Trayko Tsvetkov Kitanchev (Трайко Цветков Китанчев; 1 September 1858 - 13 August 1895) was a Bulgarian teacher, translator, social figure, poet and revolutionary. In 1895, he was the first chairman of the Supreme Macedonian–Adrianopolitan Committee, a Sofia-based organization seeking the autonomy of Macedonia and southern Thrace.

Kitanchev was born in the village of Podmočani near Resen (then in Ottoman Empire, today in North Macedonia). In 1869, he was sent to the imperial capital Istanbul to study at the Bulgarian school in Phanar with the aid of Nathanael of Ohrid; in Phanar, his classmate was future Bulgarian socialist leader Dimitar Blagoev and his teacher was Petko Slaveykov.

From 1874 to 1879, Kitanchev studied at the Kiev seminary in the Russian Empire. After his graduation he briefly studied law in Moscow until 1880. In that year, he returned to the Balkans to work as a teacher at the Saints Peter and Paul Seminary in Lyaskovets and the Bulgarian Men's High School in Thessaloniki. In 1884, Trayko Kitanchev moved to Plovdiv, at the time still the capital of Eastern Rumelia; shortly afterwards he settled in Sofia, capital of the Principality of Bulgaria. In the same year, he became a full member of the Bulgarian Literary Society (today's Bulgarian Academy of Sciences).

During the Serbo-Bulgarian War of 1885, Kitanchev fought as a volunteer in the Bulgarian Army. In Sofia, Kitanchev befriended Stefan Stambolov, with whom he even shared a room for some time. During the August 1886 coup attempt aimed at overthrowing Prince Alexander Battenberg, Kitanchev accompanied Stambolov in Tarnovo and wrote the proclamation declaring the takeover illegal to Stambolov's dictation. During Stambolov's term as Prime Minister of Bulgaria (1887–1894), however, their relations worsened. After the assassination of Minister of Finance Hristo Belchev in 1891, Kitanchev was imprisoned as a potential accomplice.

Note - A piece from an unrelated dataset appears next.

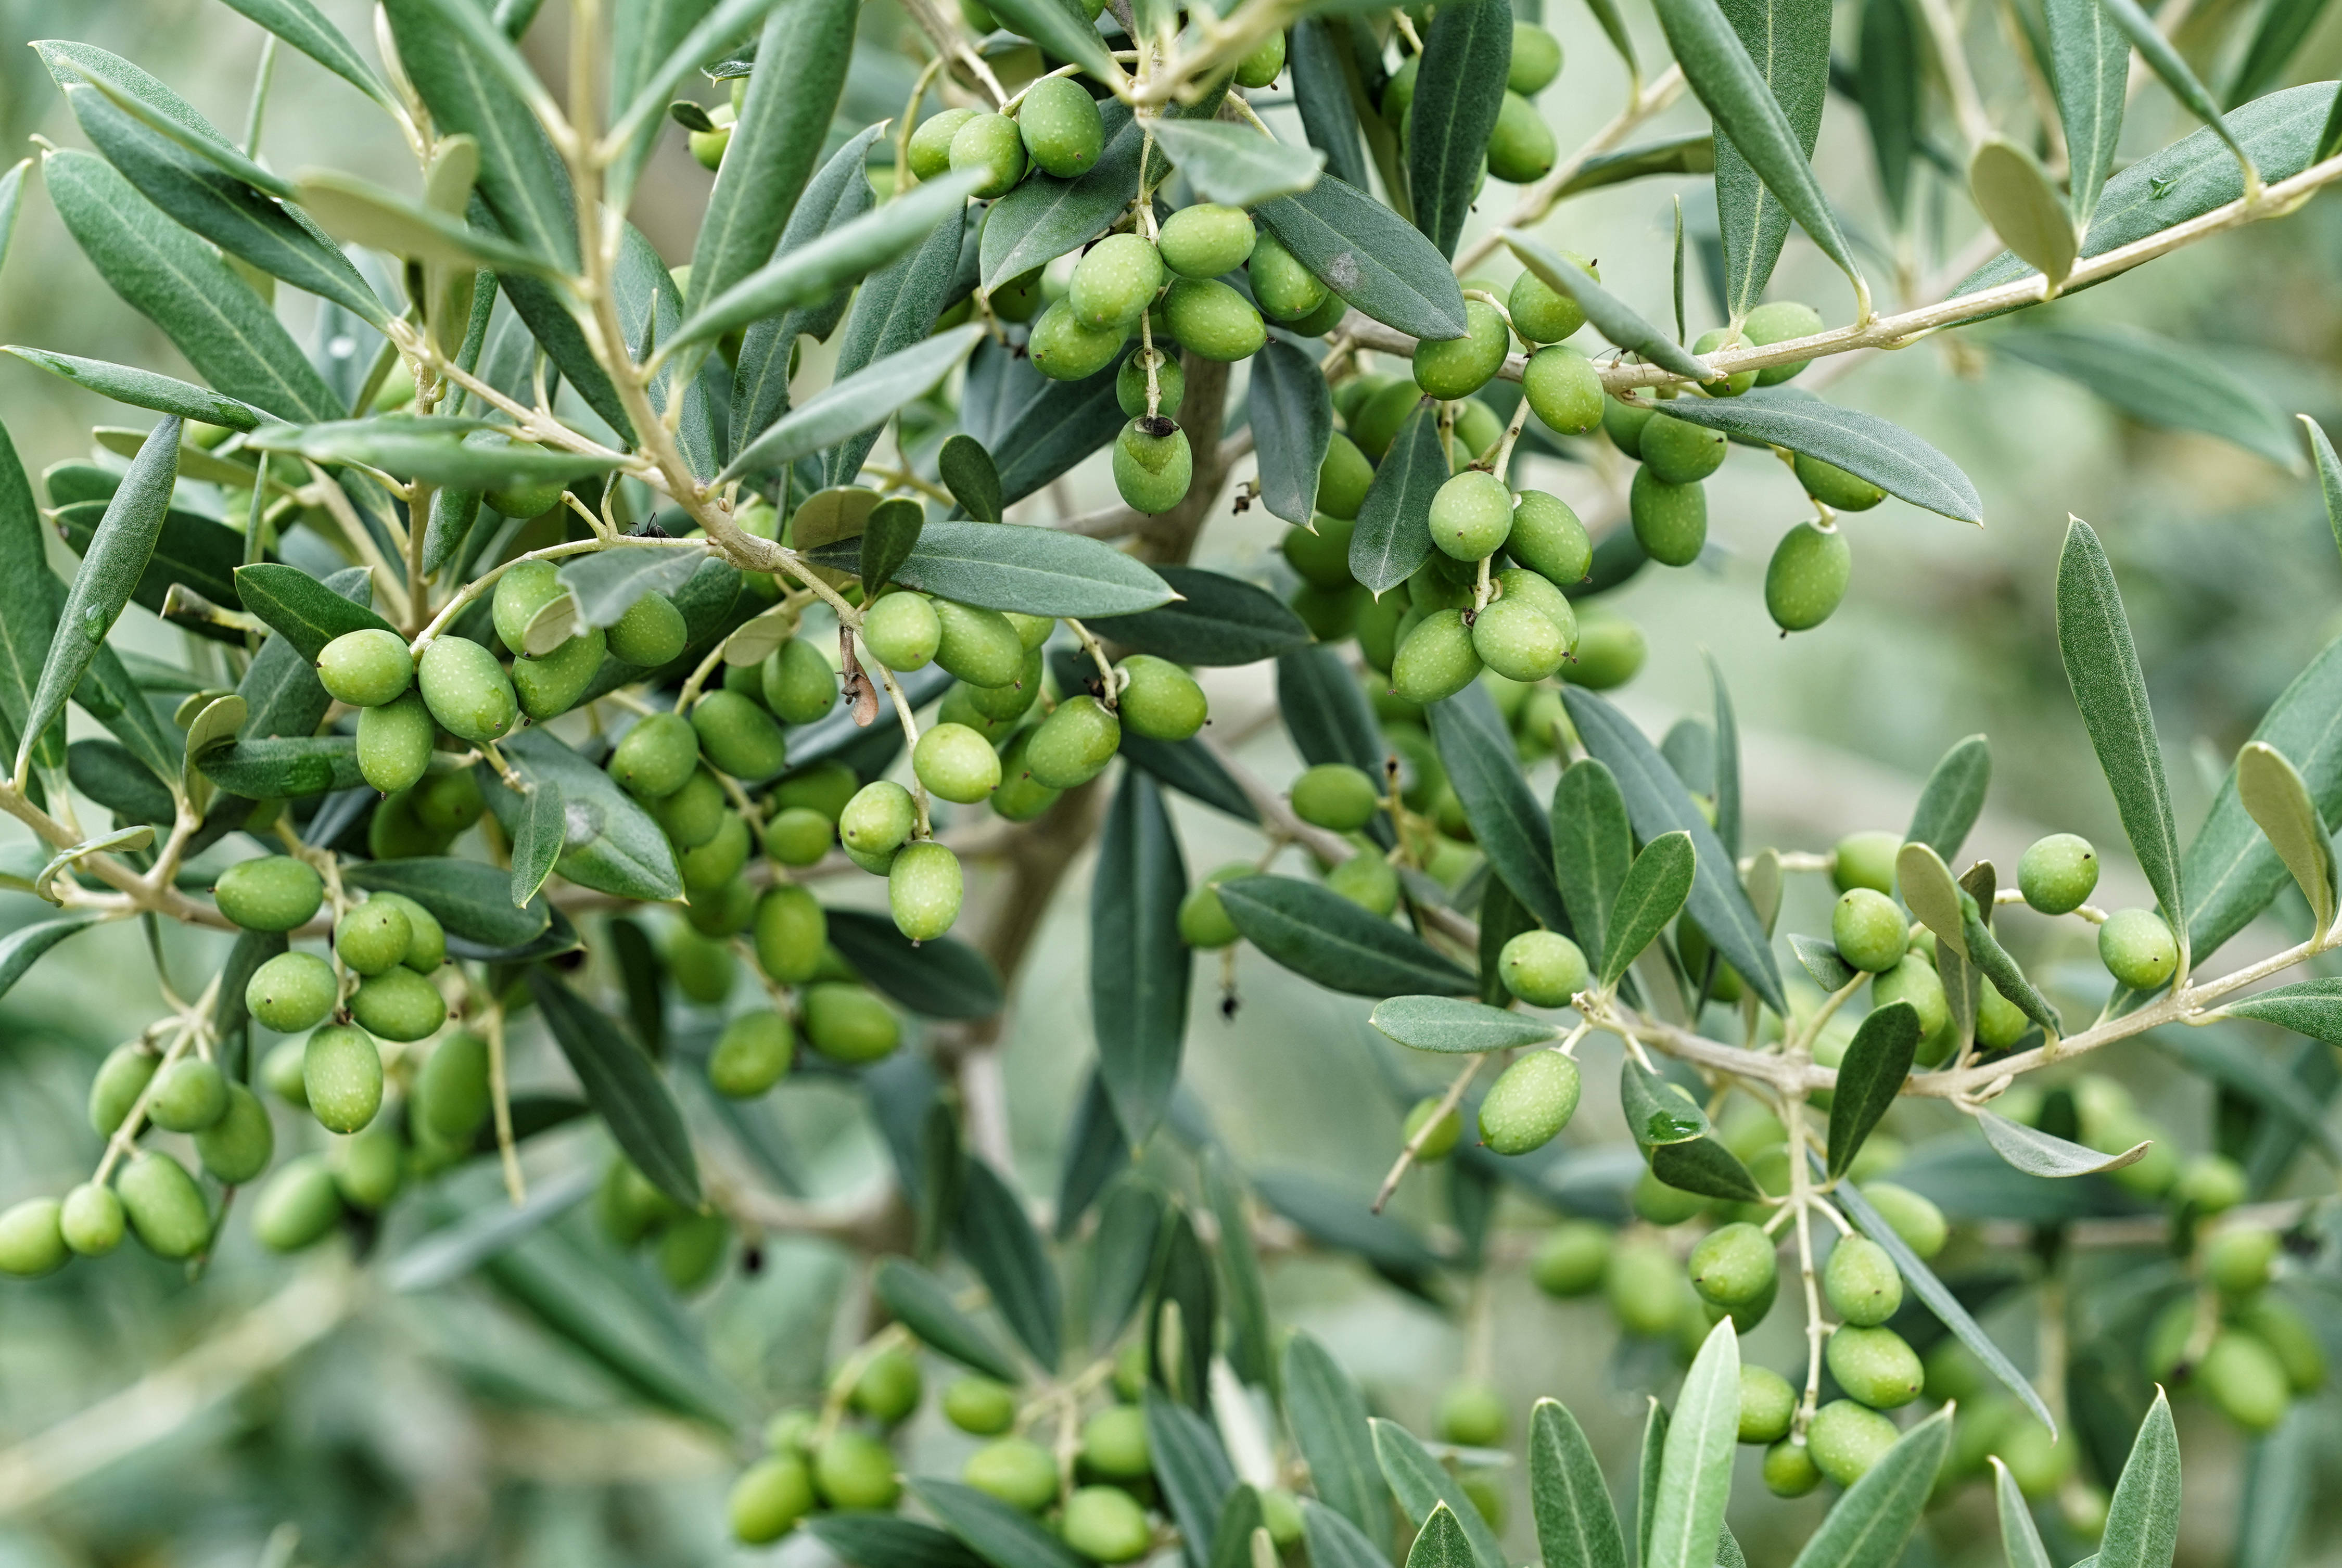 冕宁县宏模镇几个村引进油橄榄种植,采用矮化密植技术,建成连片高标准

After his release from prison, Kitanchev was once again teacher at the Bulgarian high school in Thessaloniki and then school inspector in Tarnovo. He became close friends with liberal leader Petko Karavelov and was elected member of parliament from the Democratic Party.

When the Supreme Macedonian-Adrianople Committee was established in March 1895, Kitanchev was elected its first chairman during the organization's constituent congress. However, the failure of the committee's armed infiltration of Ottoman Macedonia in the same year was a fatal blow to Kitanchev's health. He died in Sofia in August 1895.